Splunk Search

Why is my scheduled search producing a count of zero, but get results when I run the search manually?

Hemnaath
Motivator

Hi All,

Currently I am facing an issue with scheduled reports. The scheduled job is getting executed as per the cron job set for every two hours, but we are not seeing any events getting triggered.

On splunk --> settings--> Searches, reports, and alerts, --> saved search --> under "actions" row --> View recent --> could see 0 count under Events. When clicked on the saved search, could see No Result found.
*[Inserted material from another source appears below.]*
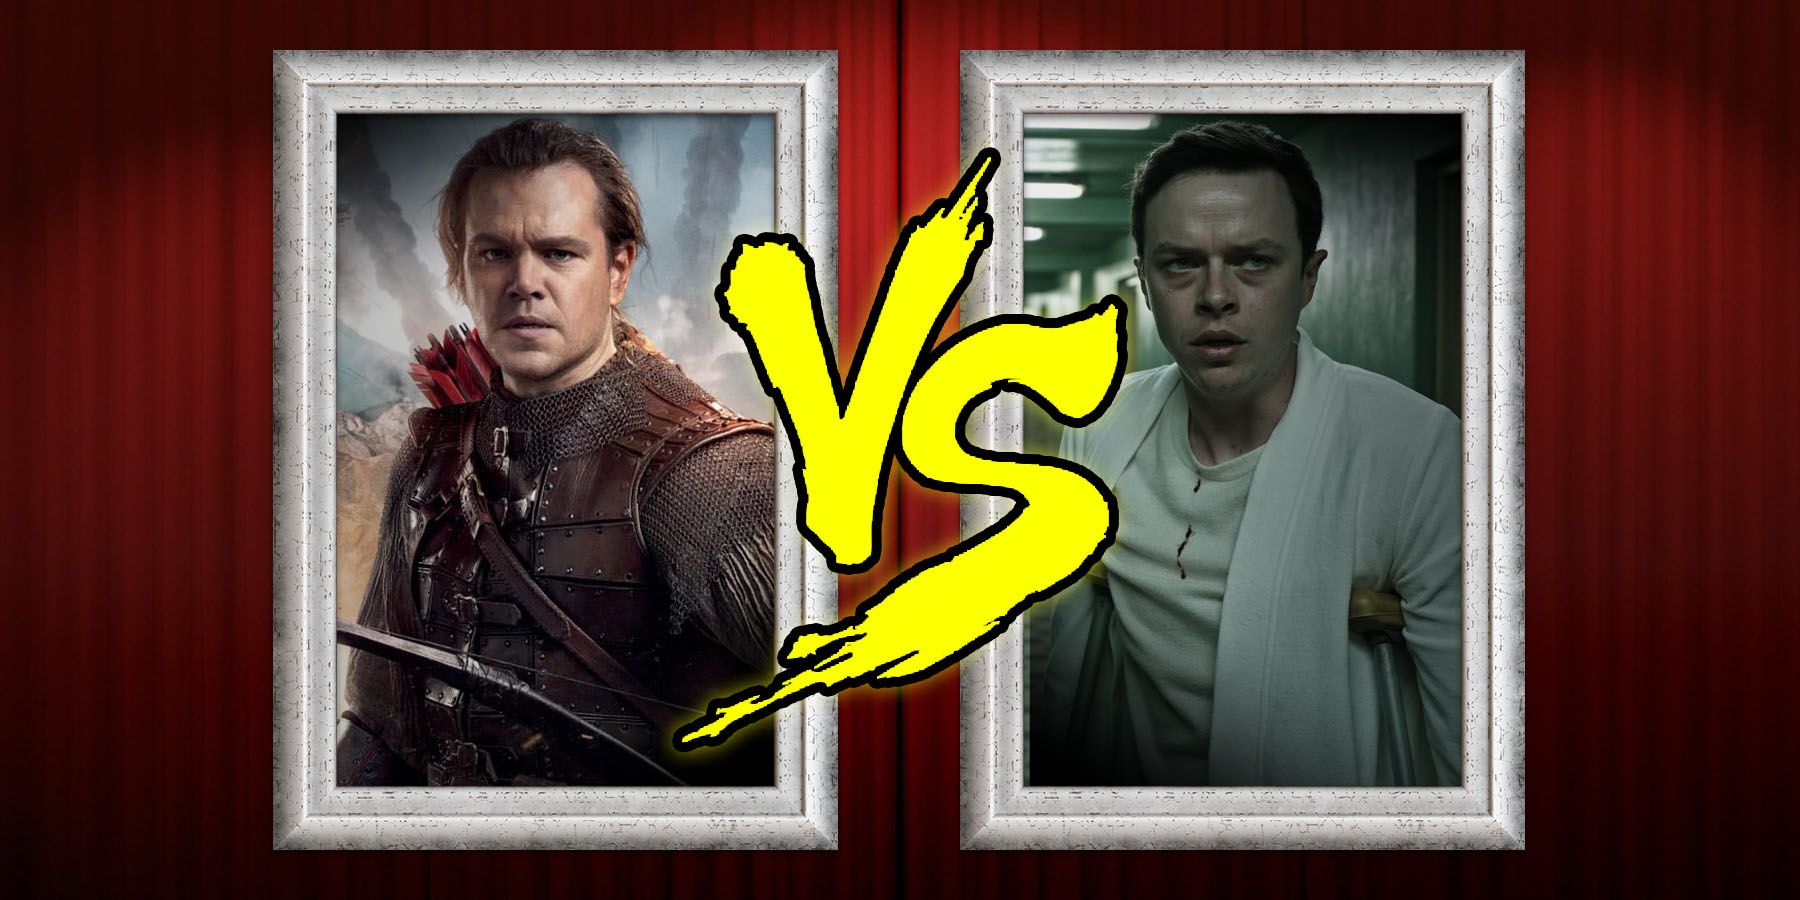 2017 Box Office - The Great Wall vs A Cure For Wellness

But when I ran the search, manually I am getting the result, so not sure where the problem is.

Splunk Version: 6.2.1
Scheduled saved search Details

earliest=-60m source="*dhcpd.log" Host=H*  DHCPACK lease-duration OR RENEW | localop | lookup qualys_hostlist.csv NETBIOS AS Host OUTPUT LAST_SCAN_DATETIME | eval LAST_SCAN_DATETIME =if(isnull(LAST_SCAN_DATETIME ),"2000-01-01t00:00:00z", LAST_SCAN_DATETIME ) | mvexpand LAST_SCAN_DATETIME | eval LAST_SCAN_DATETIME =strptime(LAST_SCAN_DATETIME,"%Y-%m-%dT%H:%M:%SZ")|dedup Host | head 10 | stats last(LAST_SCAN_DATETIME ) as LAST_SCAN_DATETIME by Host IP | table Host IP LAST_SCAN_DATETIME | where LAST_SCAN_DATETIME   < relative_time(now(),"-30d")   | table Host IP LAST_SCAN_DATETIME | stats delim="+" Values(IP) AS scanning | mvcombine scanning | eval scanners="QUALYS" | eval title="Test+Assetscanning+TH" | localop | lookup qualysscanlookup title scanners scanning OUTPUT results 

Time Range --> Start time and Finish time are not set
Acceleration --> Not set
Schedule and Alert --> Run on Cron Scheduled

0 */2 * * * Every 2 hours, at the 0th min
Run as --> Owner
Alert Condition --> always
Alert Mode --> Once per search
Throttling --> Not set
Expiration --> set as custom time
Severity --> Medium
Alert action --> Not set for any option under this
Summary Indexing --> Not set

As said in the beginning, for the comment, we are able to get an output when we execute the search manually, but when set in scheduled search it not generating any events. Kindly guide me how/where we are having an issue.

thanks in advance.

0 Karma

mattymo
Splunk Employee
Splunk Employee

I would think about starting to walk back all the splunk-fu in that search to see if perhaps one of the fields you expect to exist, doesn't. Also, who is the owner of the search that ran? Do you have a knowledge object that needs to be shared?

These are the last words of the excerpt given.